The ‘Arab’ ingredients and flavours are not unique to Sicily. They are present in other countries of the Mediterranean, for example the cuisine of Spain and France.
A post on my blog is not the venue to discuss this topic at length. However I have already written about some recipes of sweets that could be attributed to the co-Arab and Sicilian association (for they cannot be attributed just to the Arabs).
Here is a similar recipe to cubbaita (giuggiulena) and it is called petrafennula, (also called petramennula depending on the Sicilian locality).
All my Sicilian relatives and friends keep a selection of these small homemade sweets at home just in case someone visits unannounced.
PETRAFENNULA – PIETRA DI MIELE (Rock made of honey).
almonds, 500g blanched and roughly chopped into large pieces
candied orange peel, 400 g chopped finely,
cinnamon, ½ teaspoon (optional).
Place the honey in a saucepan.
Add the peel.
Allow the mixture to simmer gently and stir from time to time until it begins to solidify.
Take the mixture off the stove and work quickly
Add the almonds and the cinnamon and stir gently to incorporate.
Pour the mixture on to baking paper placed on a cold surface – such as a marble slab or a baking tray (traditionally this is done without paper on an oiled marble slab).
Break it into pieces when it is cold. When my mother made this, she sometimes used to drop dollops of the mixture (about a tablespoon in size) on to a cold surface to form small odd shapes – more like pebbles than sharp rocks. This seemed easier than shaping it into one large slab, which then needs to be broken into smaller pieces.

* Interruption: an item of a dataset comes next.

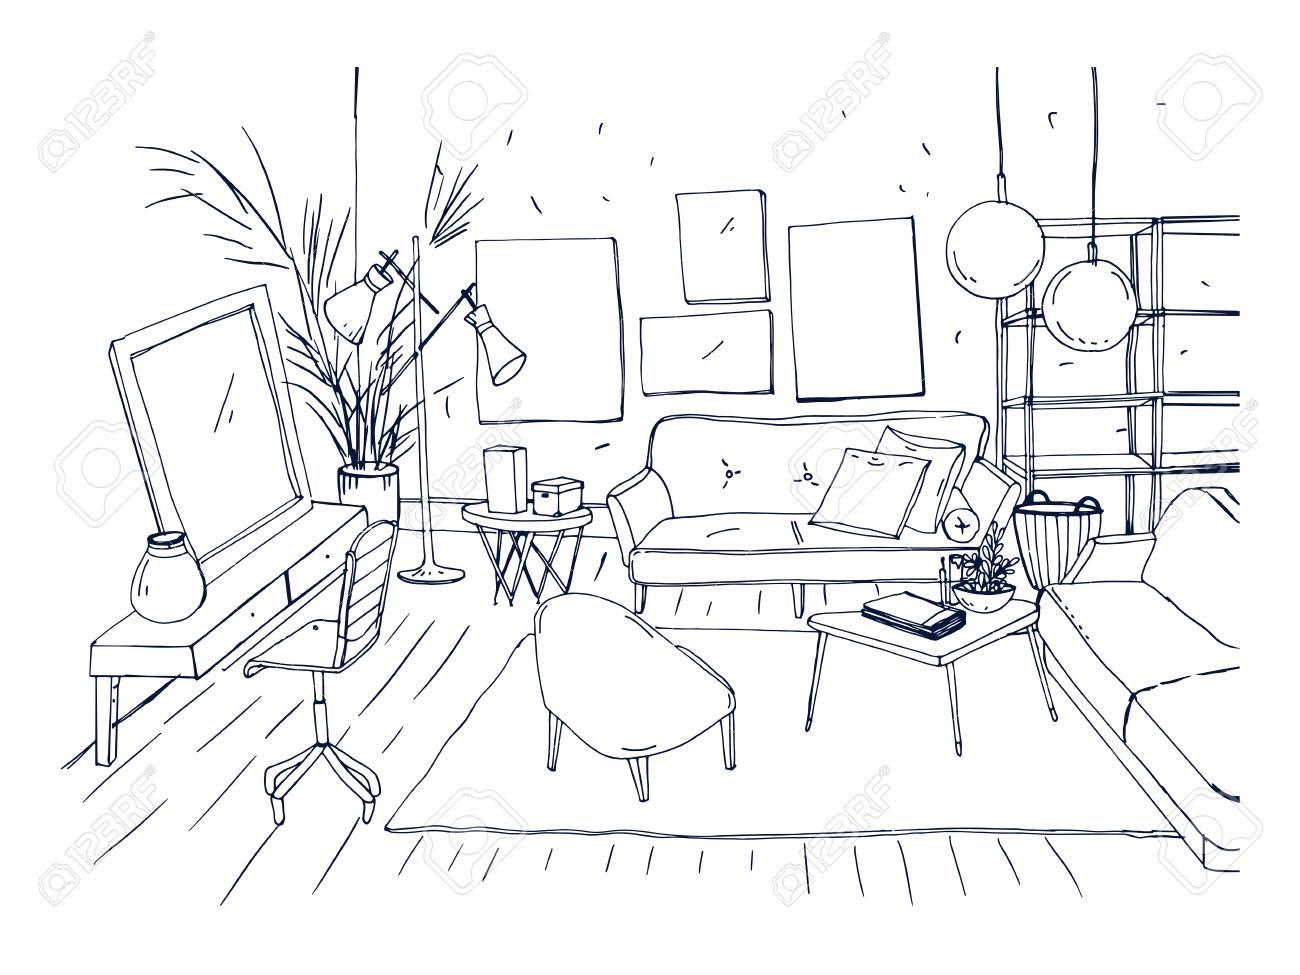 De Salon Dessiné Du ModernesCroquis Autres À La Main Dessin Basse Avec Monochrome Et L'appartement Meubles L'intérieur CanapéChaisesTable FTJ3lK1c

I have a friend in Adelaide who has the most wonderful garden and beehives. She used her honey to make giuggiulena and the petrafennula and both resulted into slightly softer versions of candy. We discussed this and think that it must be due to the varying levels of moisture in different types of honey and from the various locations. I have used a variety of honey including leatherwood (definitely not Sicilian) and other organic honey from a variety of Australian locations and have achieved the required results.